Alone in a room with the customer’s CTO, I said “So, I spent this morning talking to your people, and it looks like you’re using low-level generic tech for everything and managing it yourself. You could save a shit-ton of money by using high-level managed services and get load-scaling for free.”
“Yeah,” he said, “but then we’d be locked in and the next time our enterprise contract comes up for renewal, you can screw us.”

It doesn’t matter who the customer was, except that they were big, and they thought they were paying too much, and I thought so too. It’s about the starkest example I’ve run across of lock-in fear, which inevitably raises the subject of multi-cloud, hot stuff these days.

The Trade-off · It’s really pretty simple. All the Cloud vendors optimize for the case where you’re running your IT end-to-end on their cloud; that way, everything fits together better. Also, it’s in harmony with the natural software-ecosystem trend towards platforms; vendors love having them and developers are comfortable building on them.

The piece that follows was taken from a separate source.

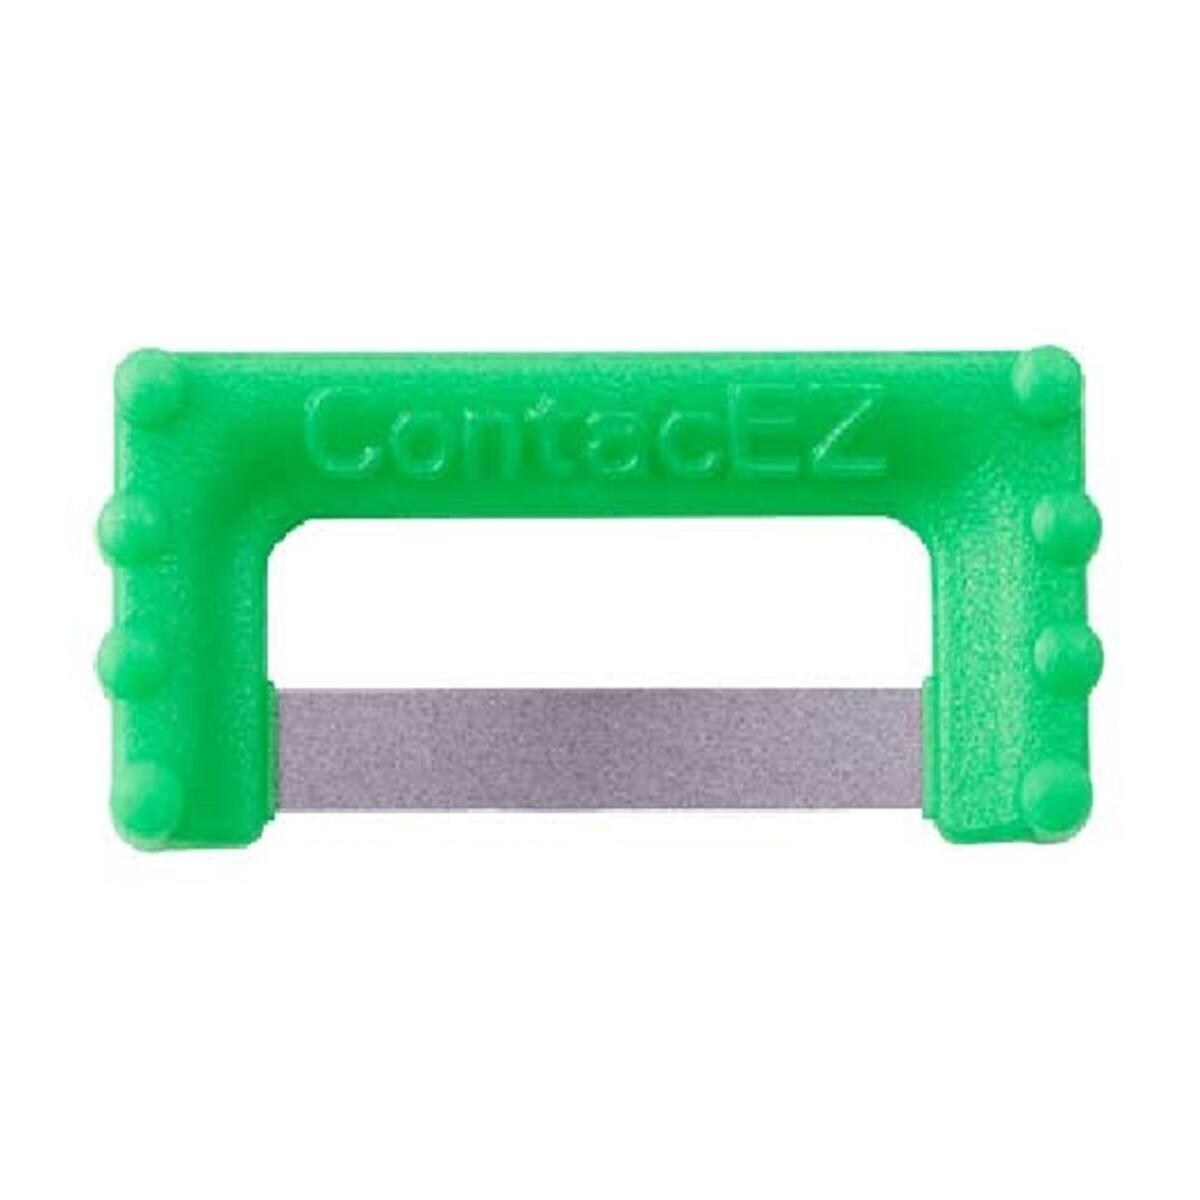 ContacEZ IPR - navulling - REF. 32608 - Groen 0,20mm, 8 stuks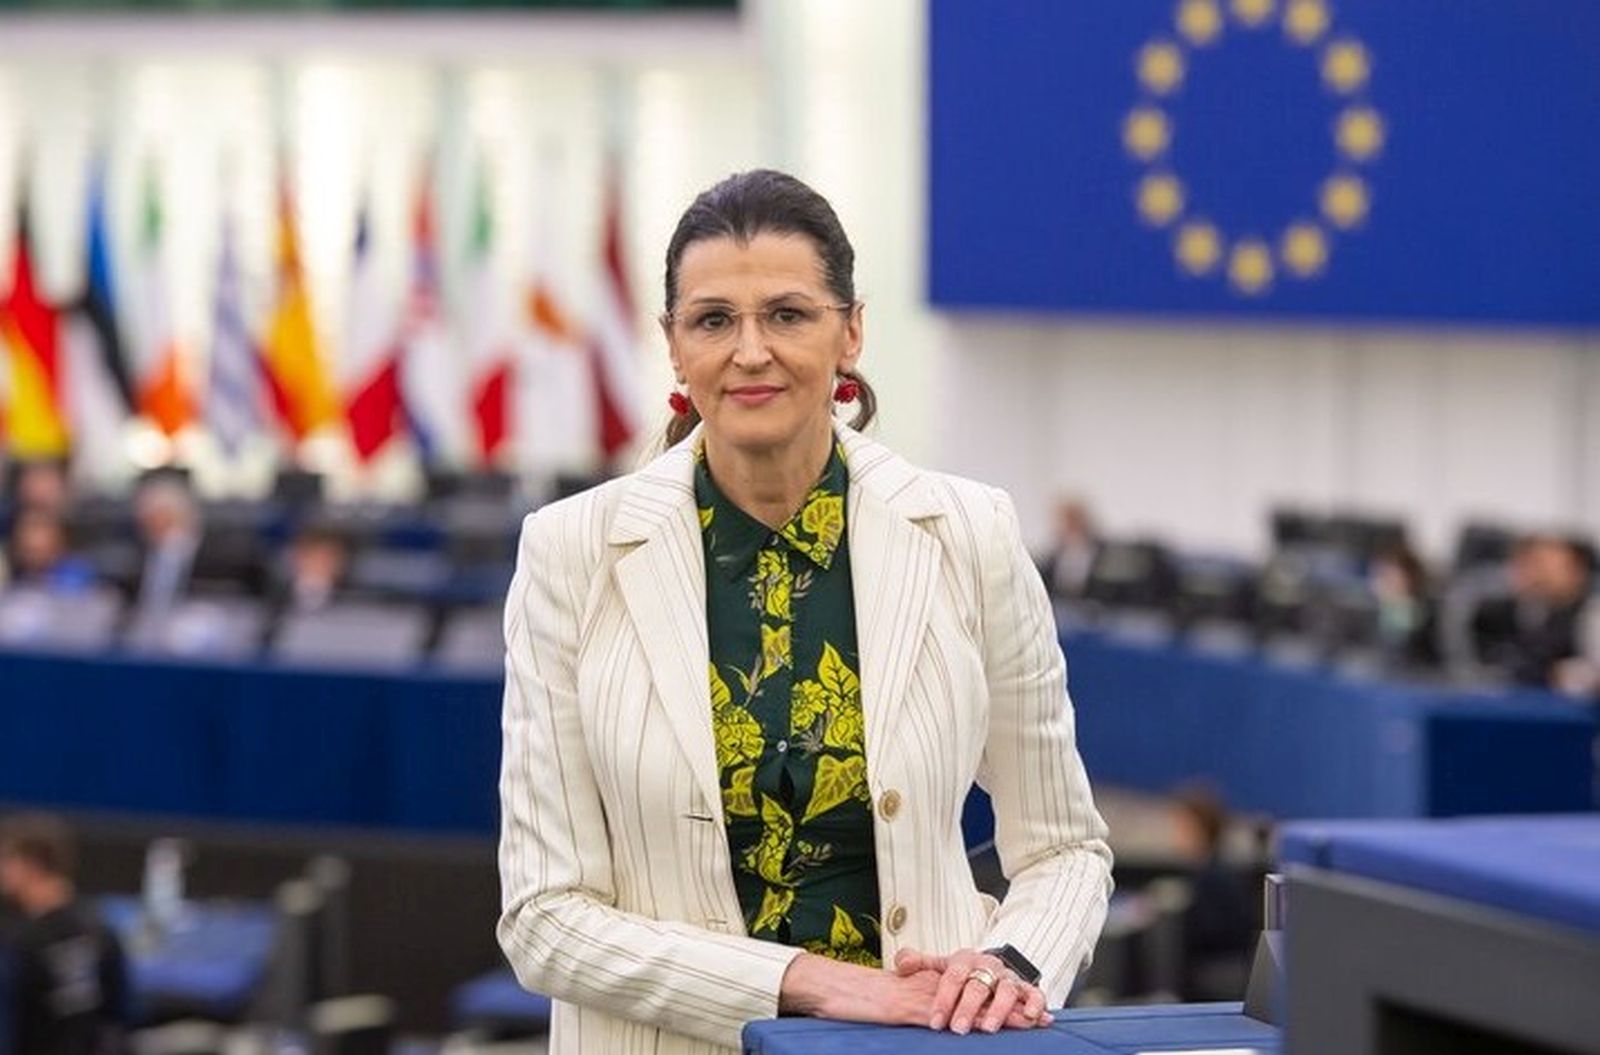 Romana JERKOVIC in the EP in Strasbourg

So buying into a single cloud vendor just makes life easier.

But… lock-in. It’s not just a ghost story. Consider that the vast majority of the world’s large enterprises have lost control of their per-employee desktop-software spend. They pay whatever Microsoft tells them they’re gonna pay. A smaller but substantial number have also lost control of their database licensing and support spend. They pay whatever Oracle tells them they’re going to.

Microsoft and Oracle calibrate their pricing in a way that bears no relationship to its cost of production, but is carefully calculated to extract the maximum revenue without provoking the customer to consider alternatives. Also they design their platforms so that that migration to any alternative is complex and painful.

So I’d be willing to bet that many CIOs have heard, not just from their CEOs but from their Board, “We don’t want you coming back to us in three years and telling us you’ve lost control of your cloud spend.”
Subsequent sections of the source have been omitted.